Bahadurma · February 16, 2022, 9:27pm

Hello everyone,

I have two sets of data, RULES and DATA.
DATA consists of some variables and RULES is the definition of how to count DATA table in several ways and the target counts desired.

DATA

text	var1	var2	var3	var4	weight
aaa	1	1	1	4	1
bbb	1	2	2	3	1
ccc	2	1	3	2	1
…	…	…	…	…	…
…	…	…	…	…	…
zzz	2	1	3	2	1

RULES

rulename	rule	target
rule1	var1 = 2	75
rule2	var2 = 2	50
…	…	…
…	…	…
ruleN	var3= 1 AND var4=2	80

The mundane flow should be as follows:
Count number of rows in DATA matching rule1 in RULES, update the weight columns in matching rows of DATA to the value that would make the count match the target in RULES table.
Proceed to rule2 in RULES and continue until all rules are completed.

The ideal approach would be to have a sort of self-correcting iterative loop to do this several times, perhaps with randomly changing starting rows since it might have an effect on the outcome. Then compare different runs and end up with minimum varying weights from 1.

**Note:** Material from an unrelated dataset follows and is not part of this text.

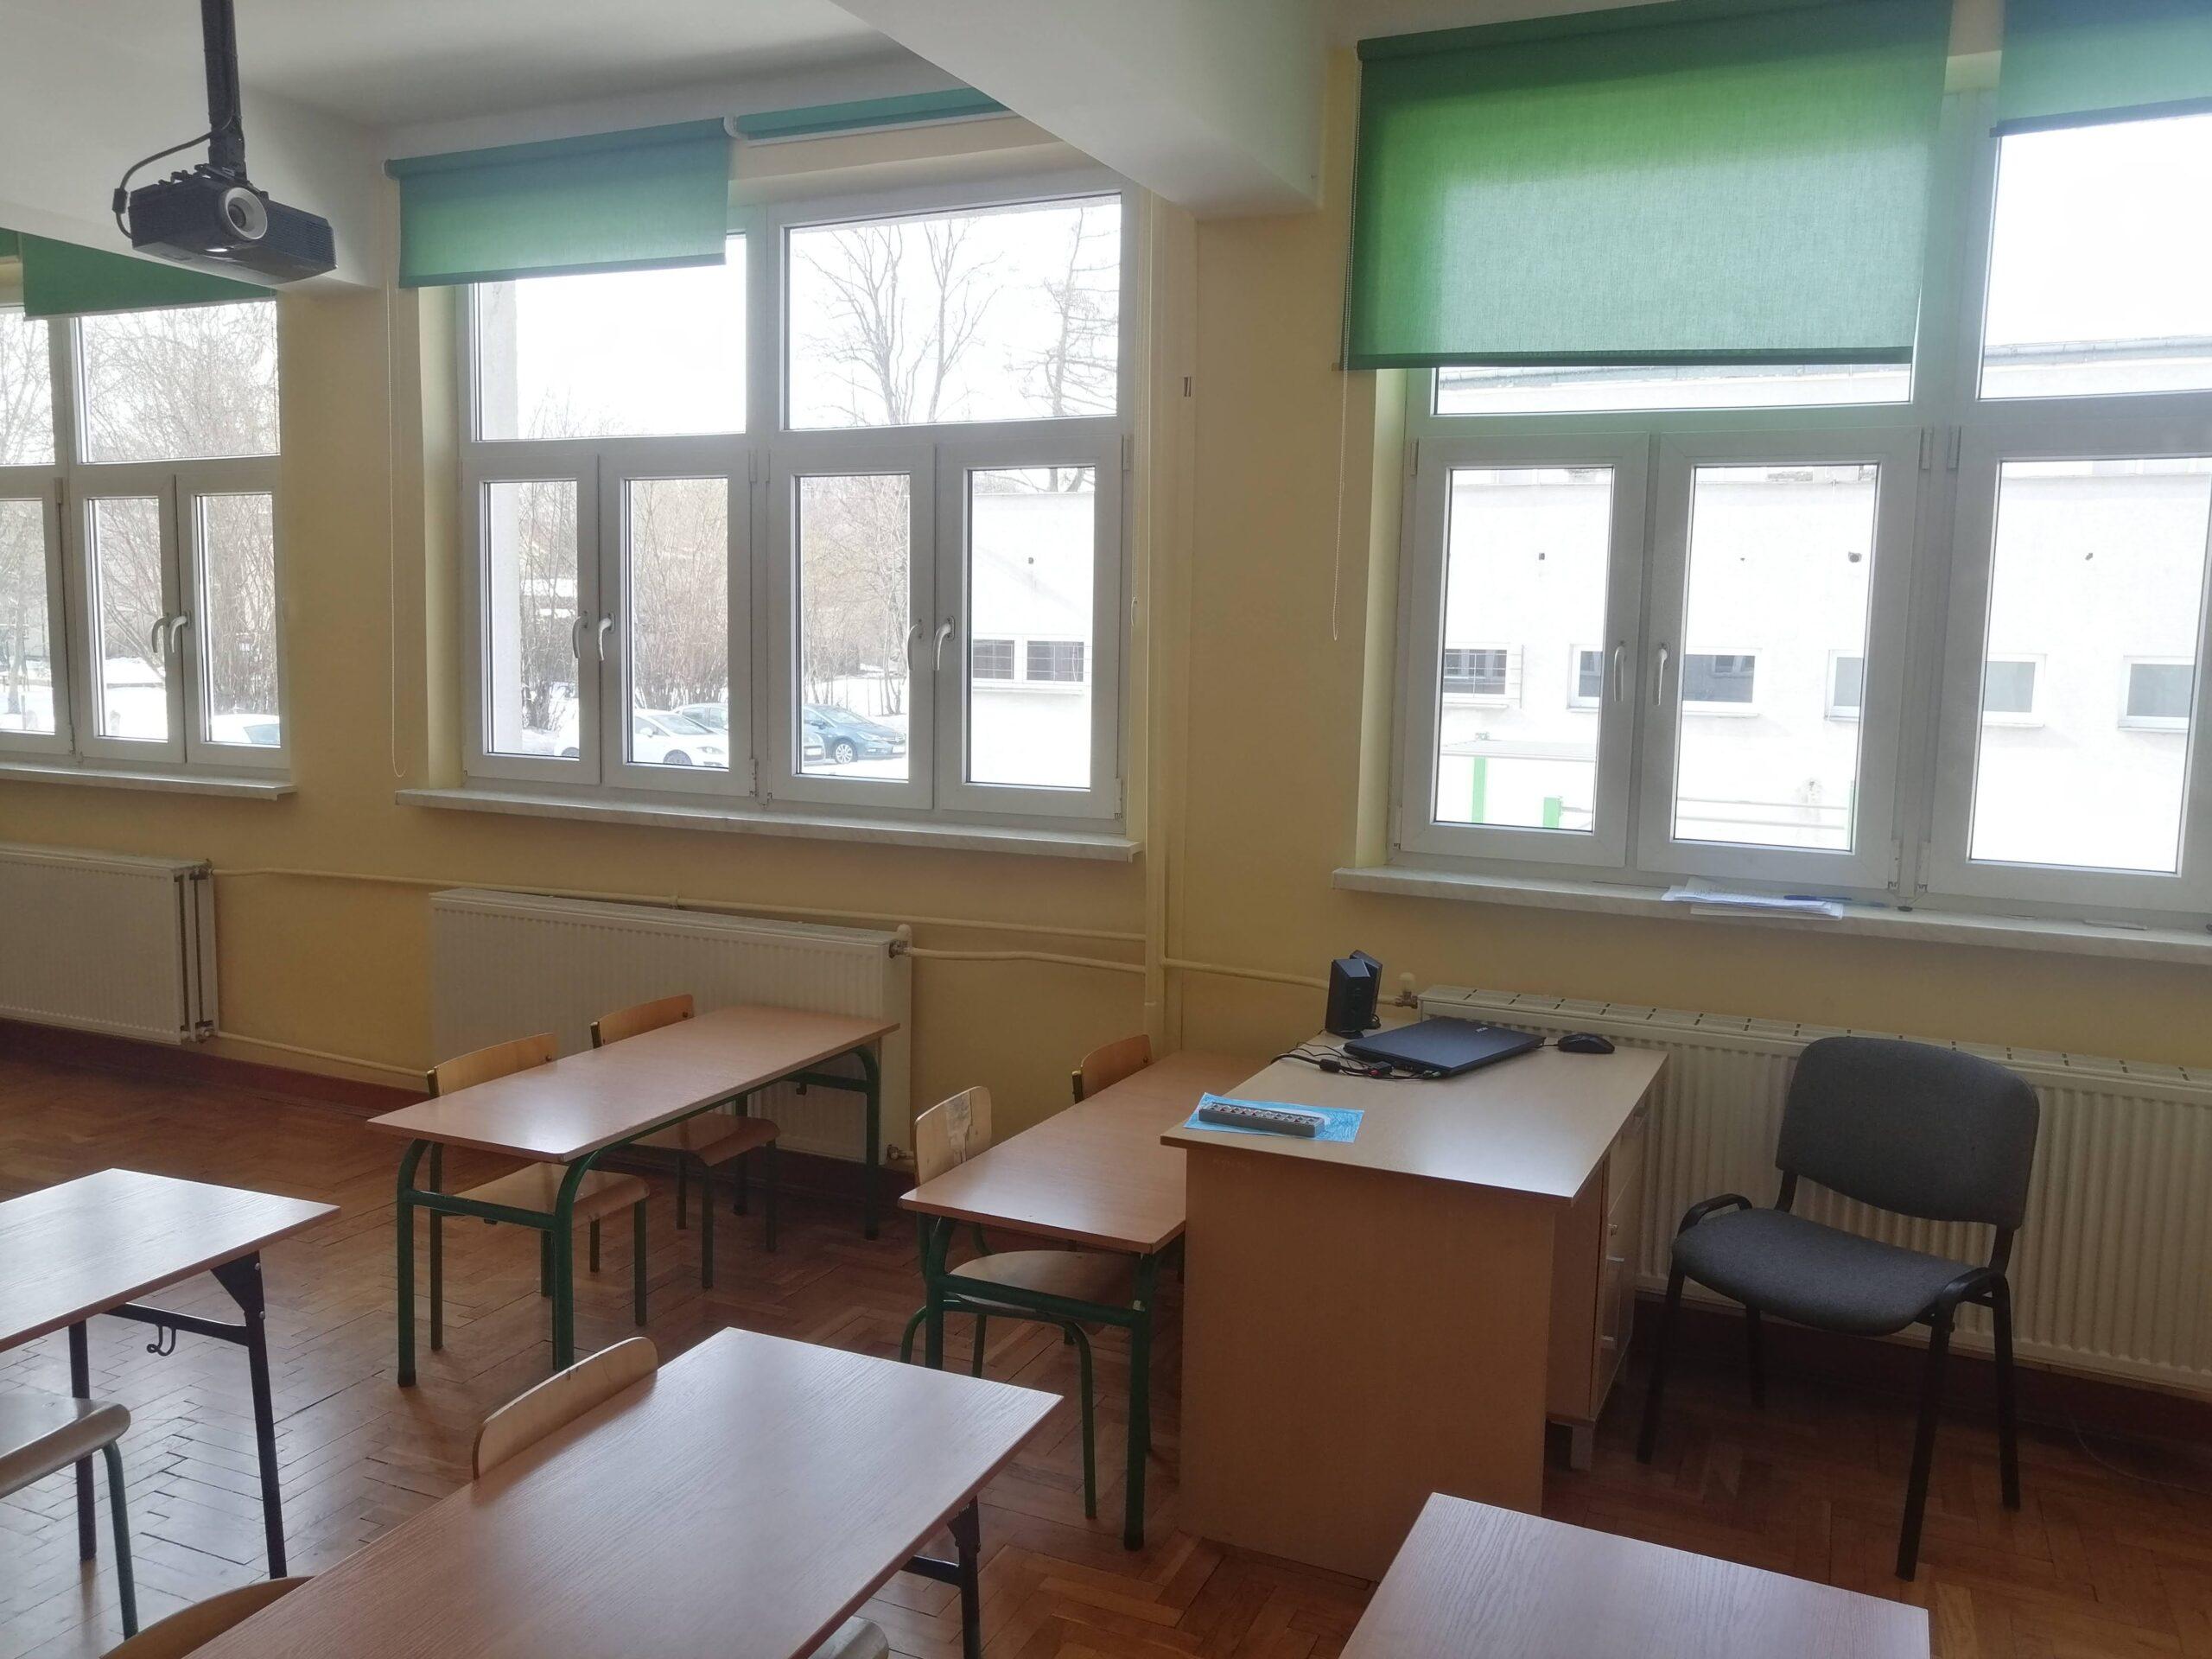 klasa szkolna z dużymi oknami

Thyme · February 16, 2022, 10:23pm

I can see multiple ways of interpreting this task. Can you share a sample input and the desired outcome?
It would help a lot, thank you.

Bahadurma · February 18, 2022, 8:33am

Hi @Thyme ,

I honestly have trouble posting the full process since I can’t imagine how to put what I have in mind into the board. Would you have 5-10 minutes for a call where I can show the live-process in Excel for example and if you can solve it, we can then post the solution here?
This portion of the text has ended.